─── Dataset entries

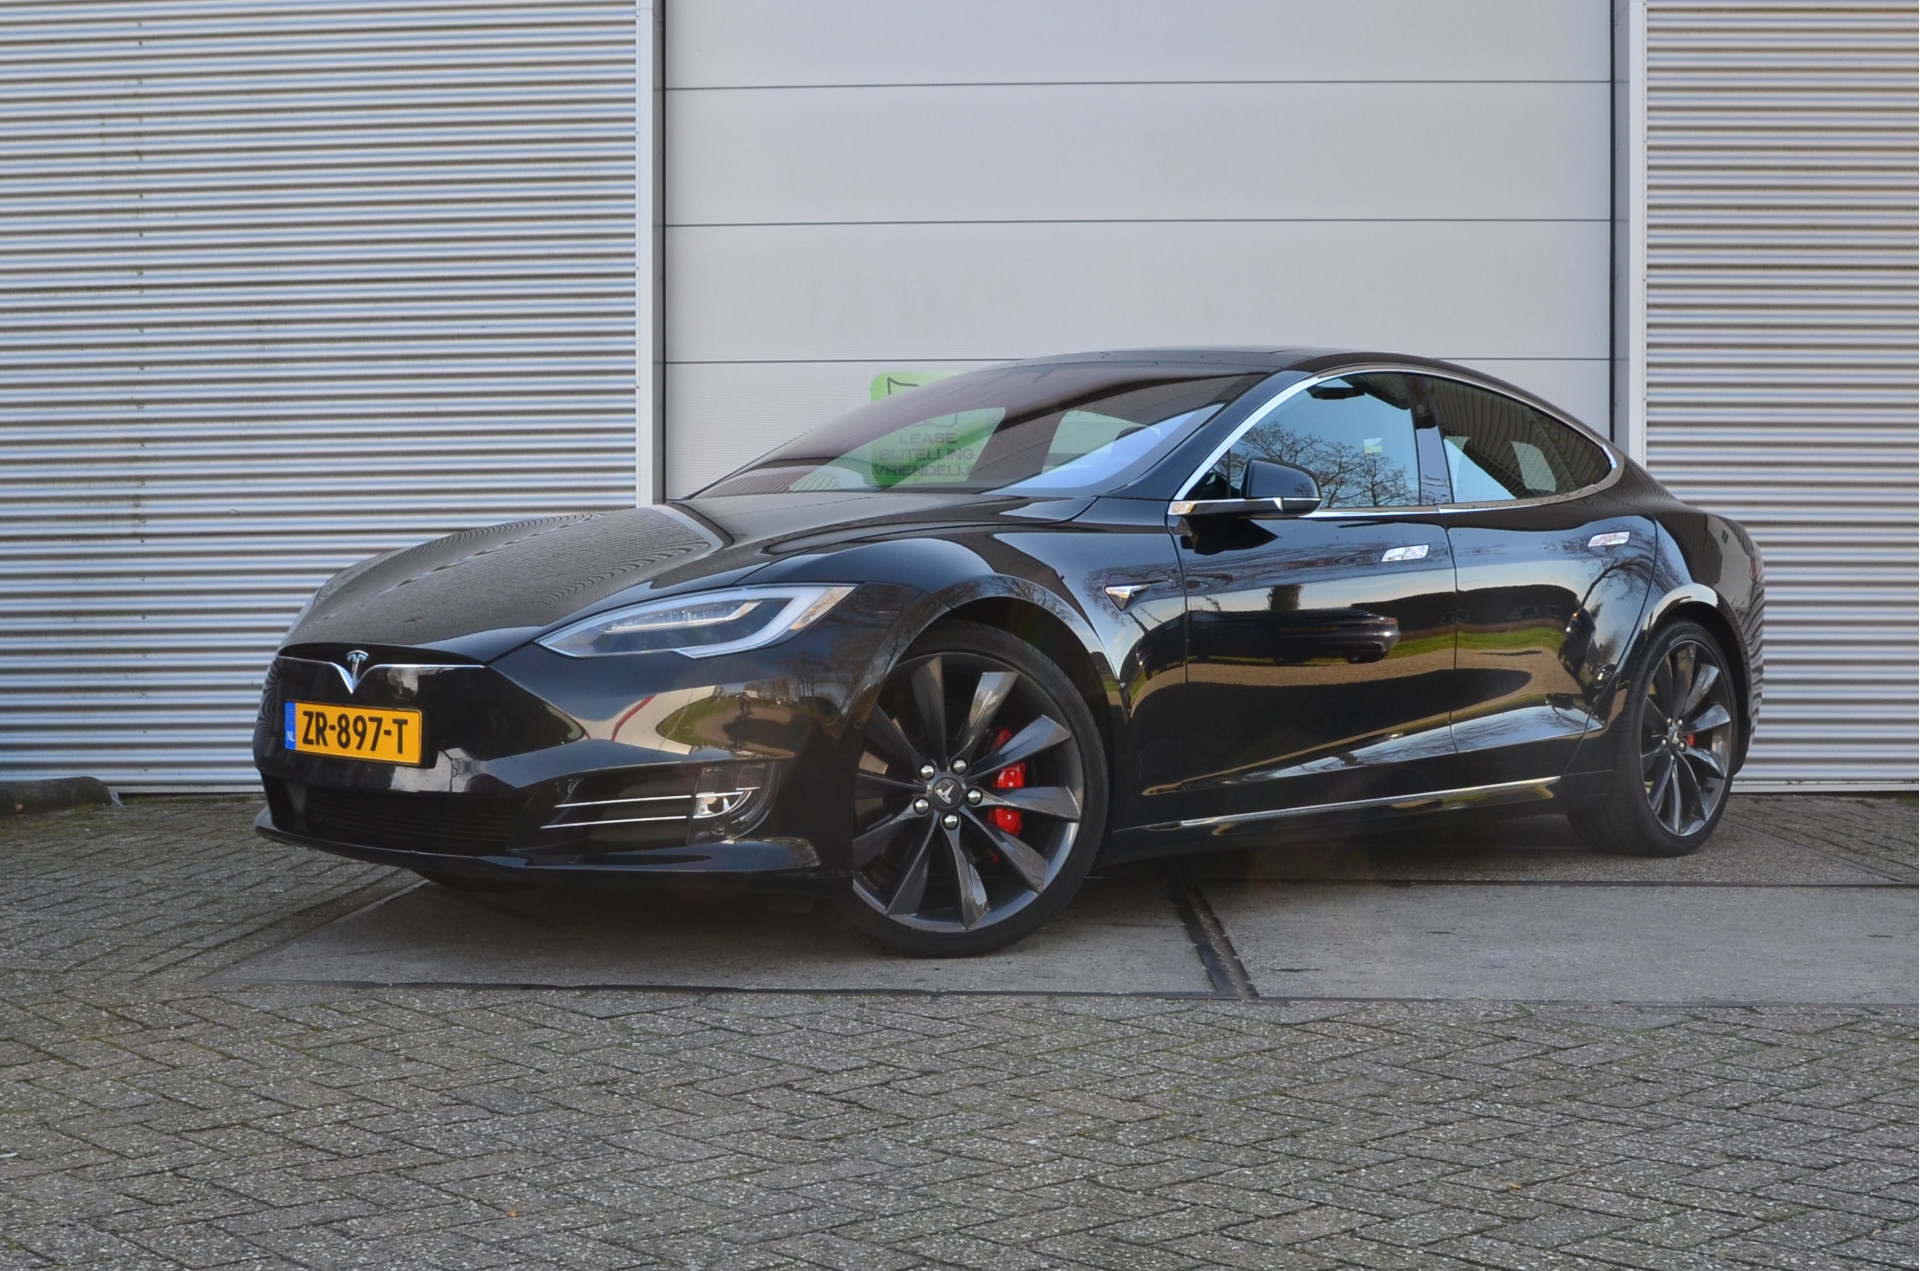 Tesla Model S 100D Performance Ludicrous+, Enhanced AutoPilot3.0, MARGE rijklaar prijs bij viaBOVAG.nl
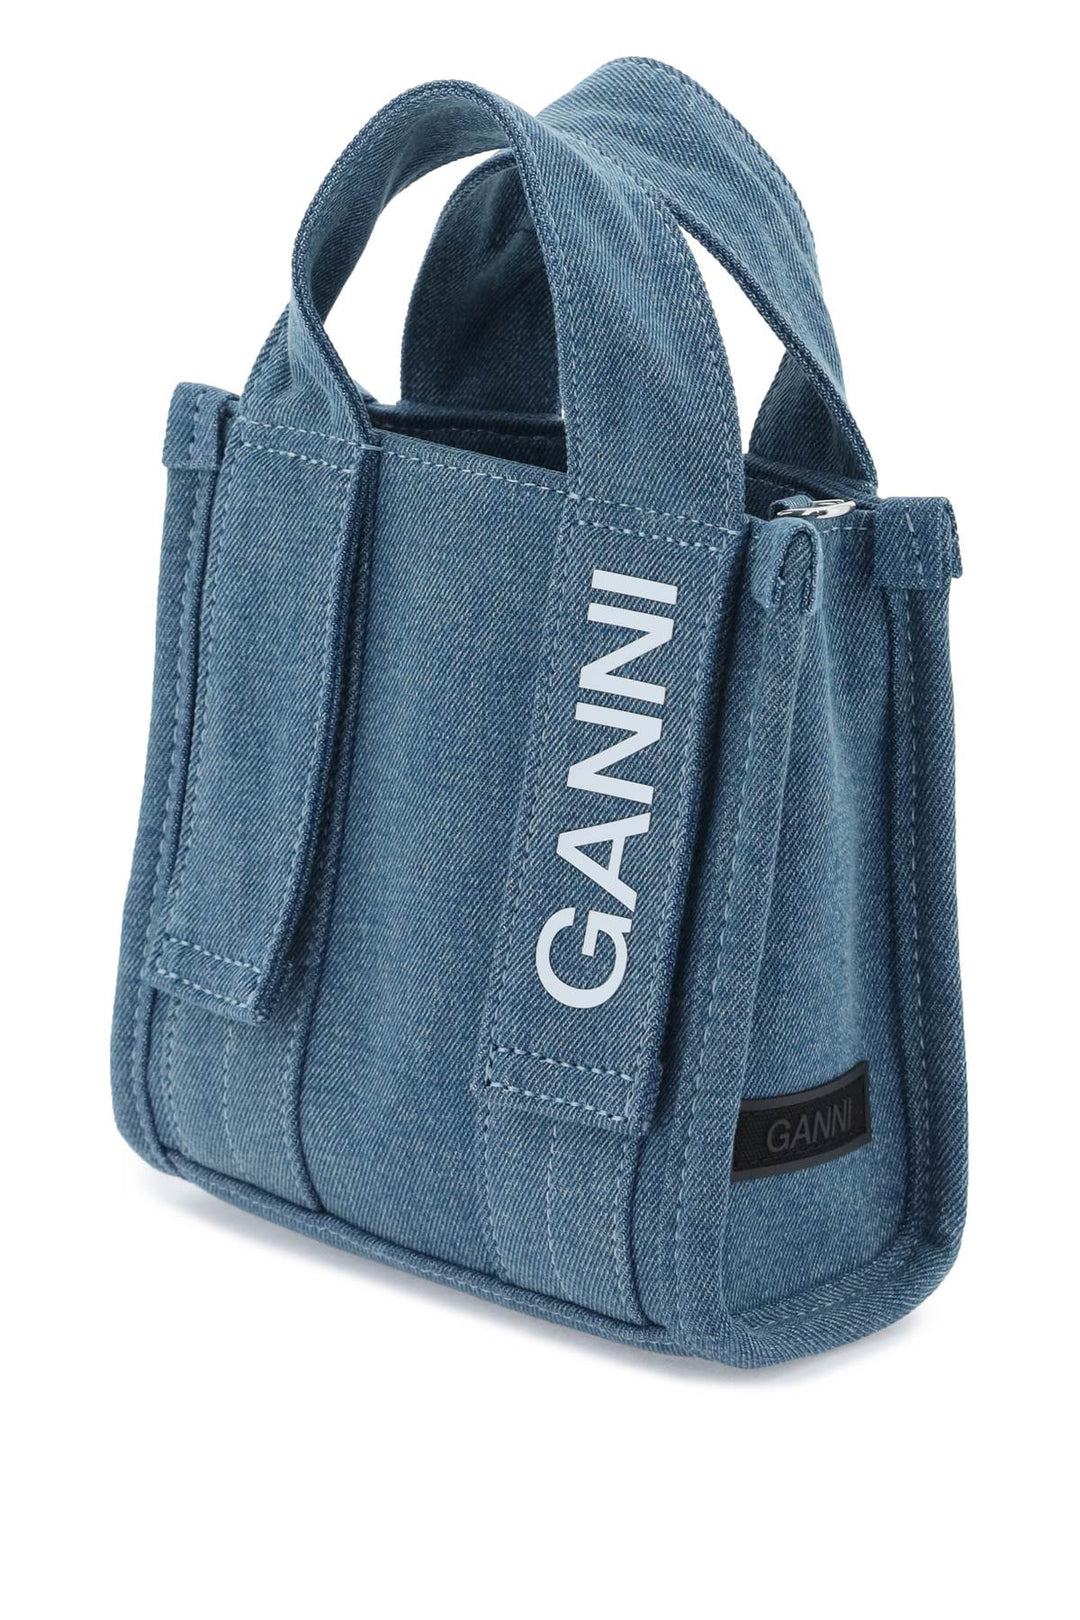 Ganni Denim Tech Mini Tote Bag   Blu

──────
─── Dataset entries

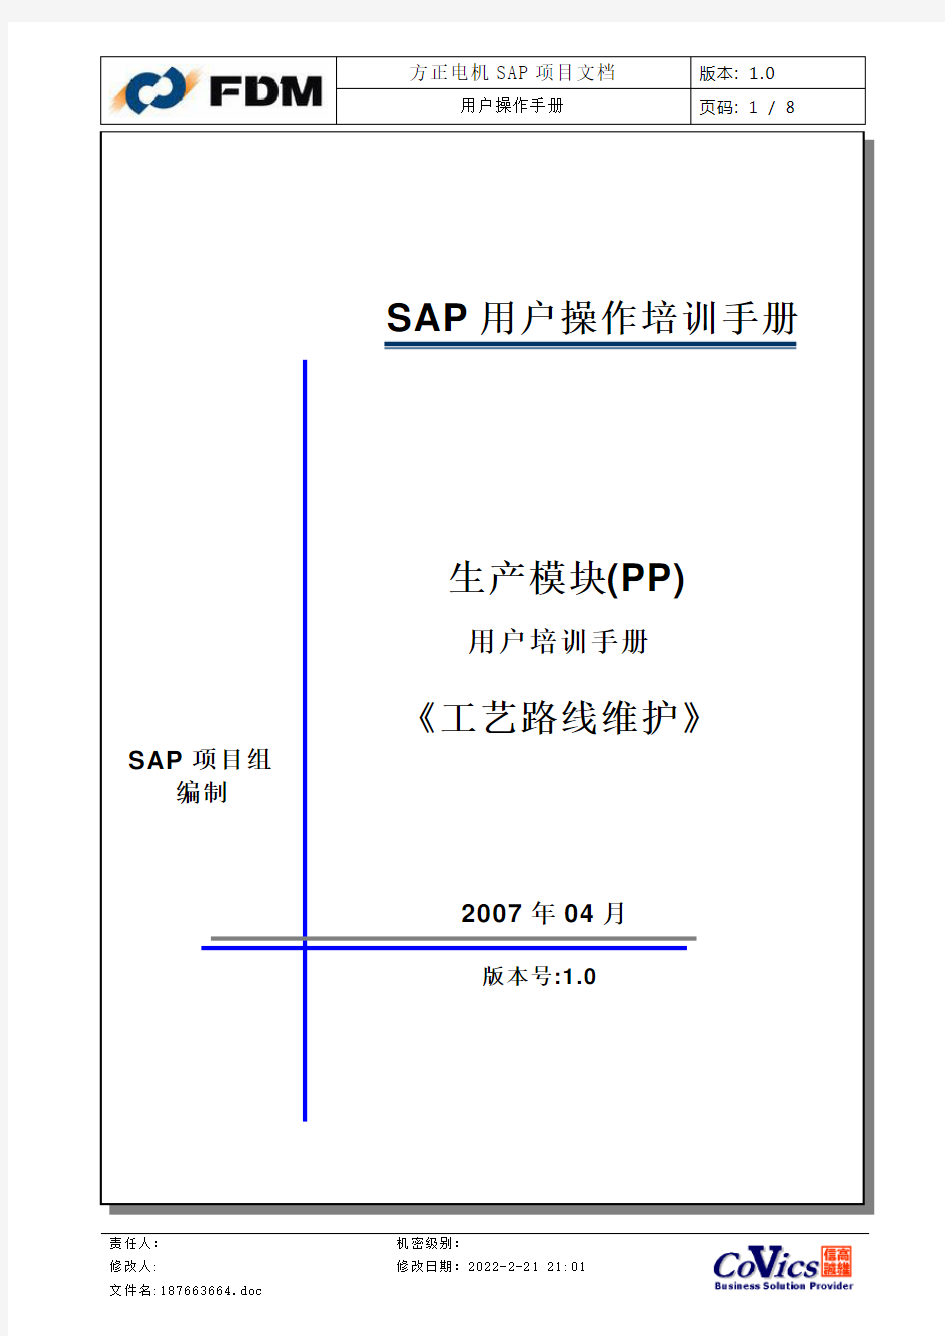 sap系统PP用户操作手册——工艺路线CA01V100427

──────
─── Dataset entries

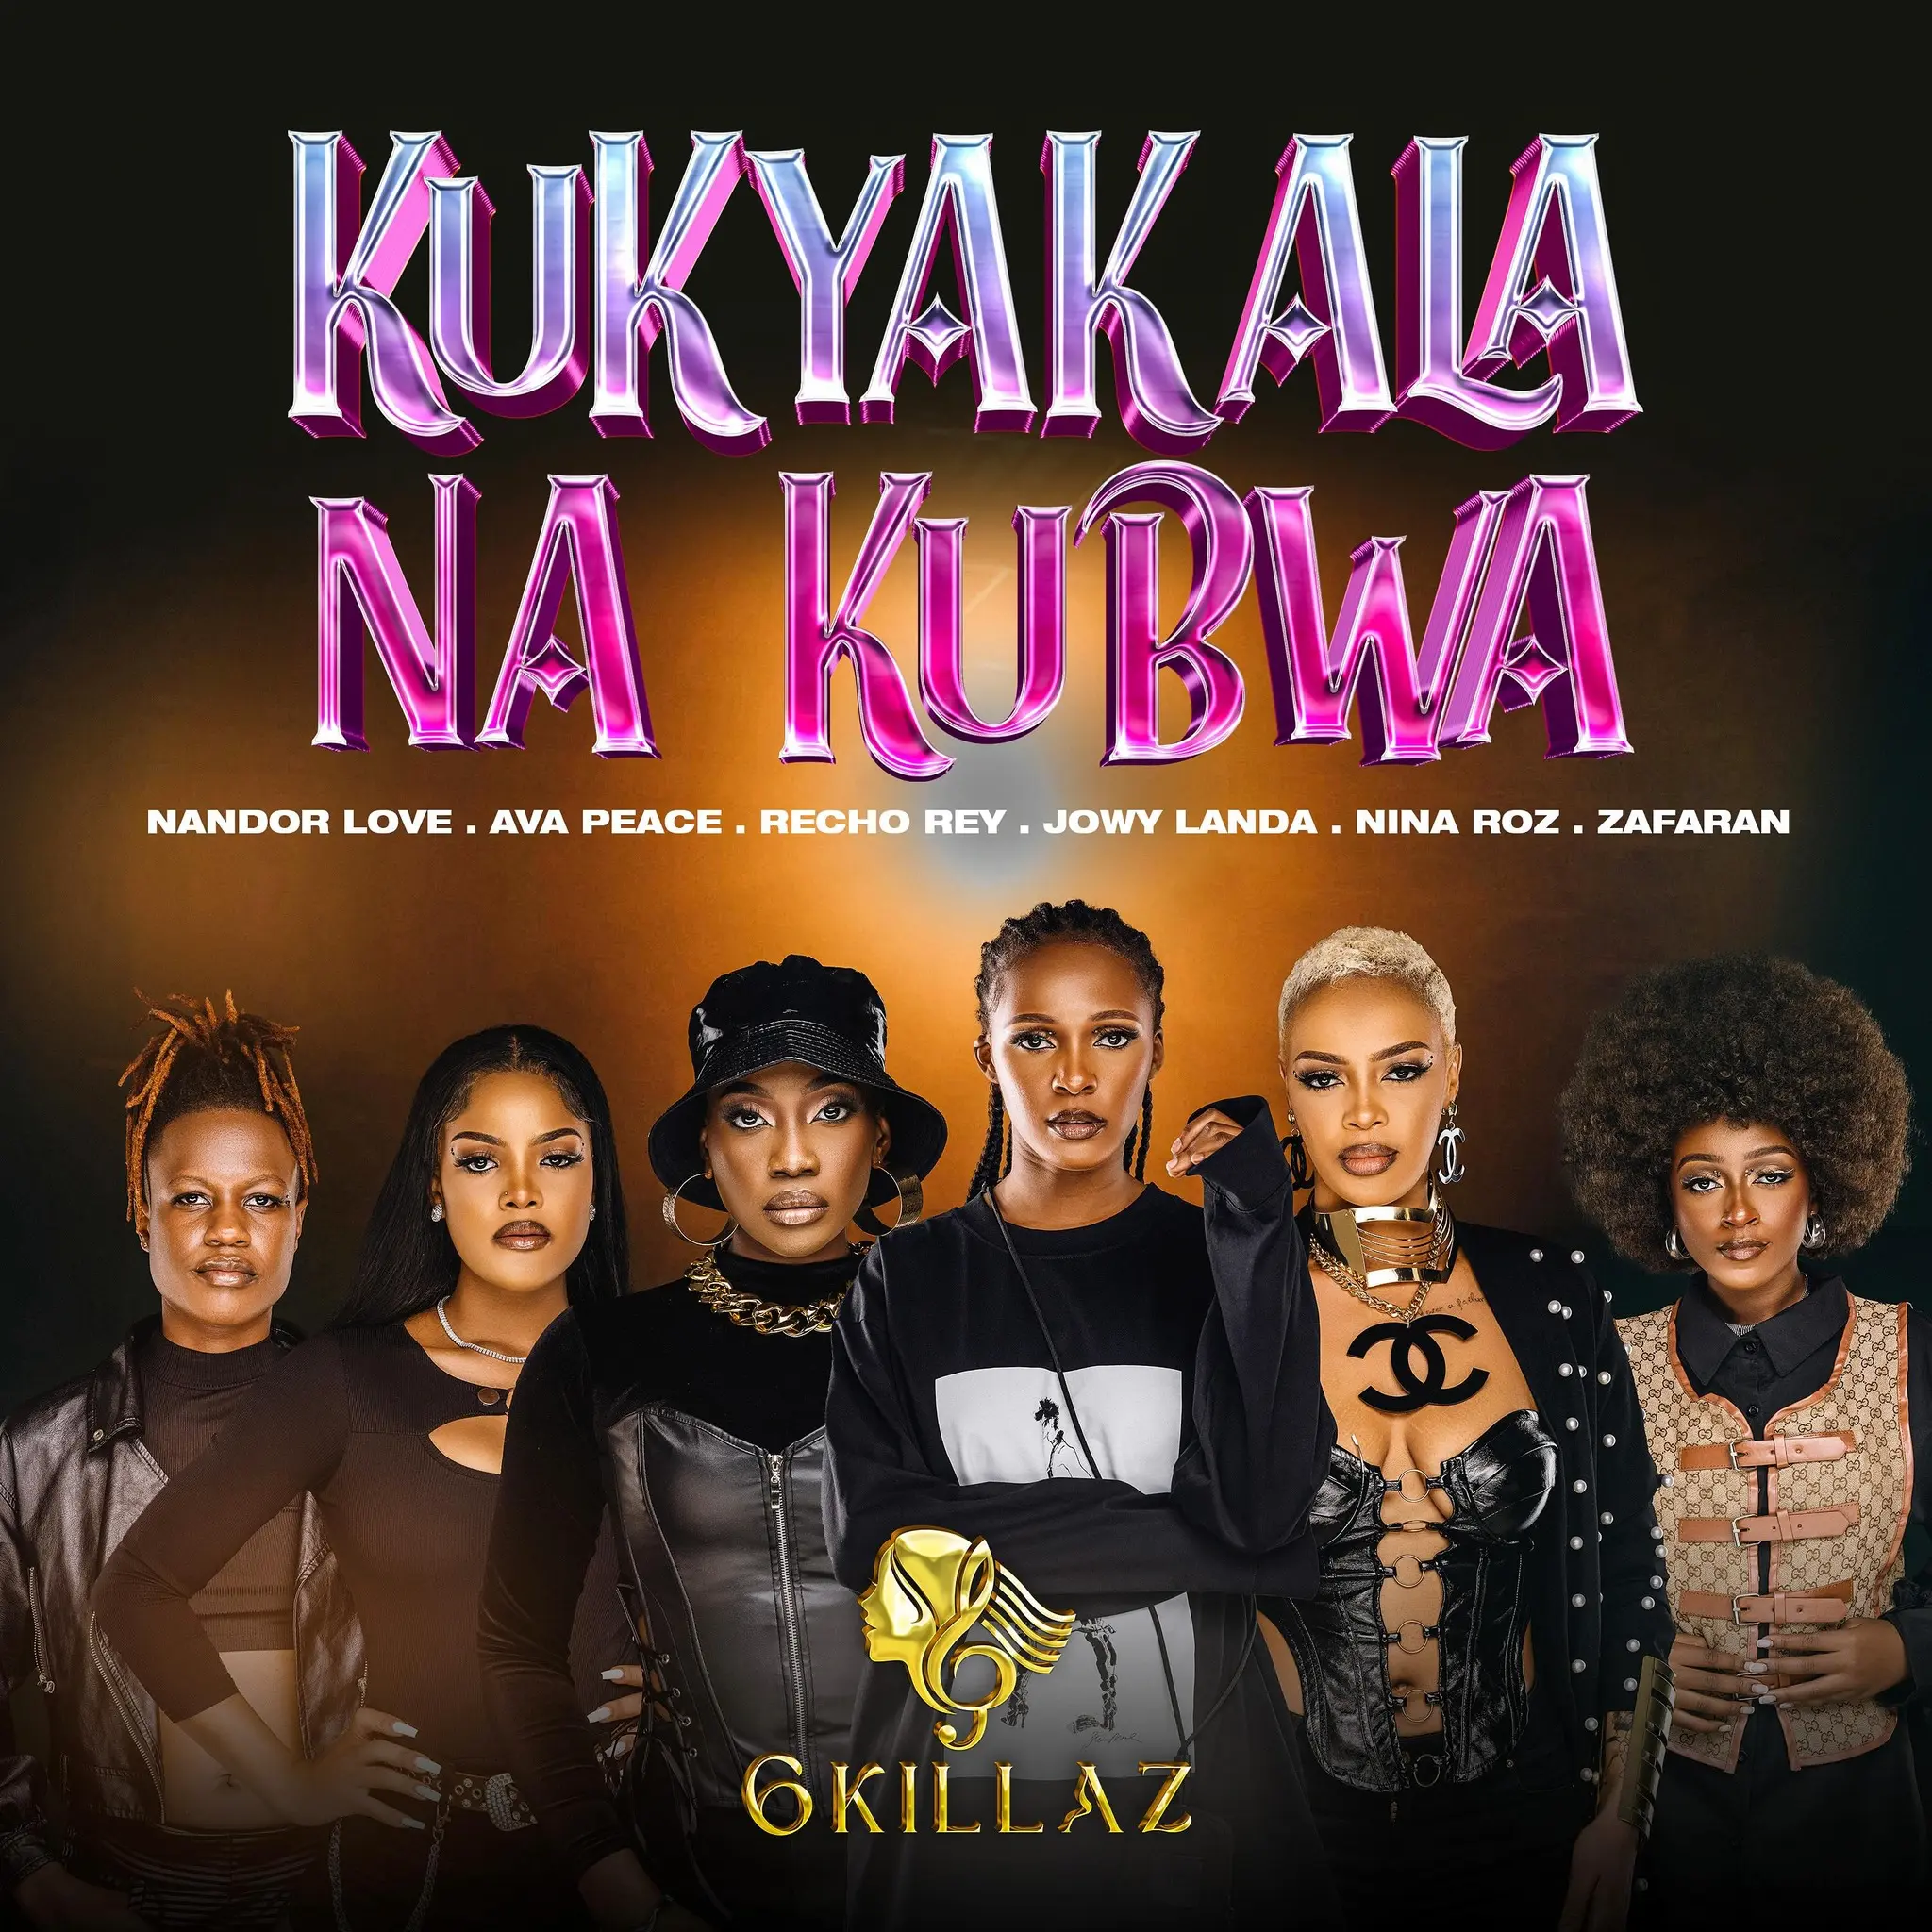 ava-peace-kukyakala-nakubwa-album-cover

──────

Exercise goal: Could you write out exactly the lines of the data above that run from the one holding "Tesla Model S" to the one holding "Ganni Denim Tech", with both ends in and all pictures out?

Task answer:
 Tesla Model S 100D Performance Ludicrous+, Enhanced AutoPilot3.0, MARGE rijklaar prijs bij viaBOVAG.nl
 Ganni Denim Tech Mini Tote Bag   Blu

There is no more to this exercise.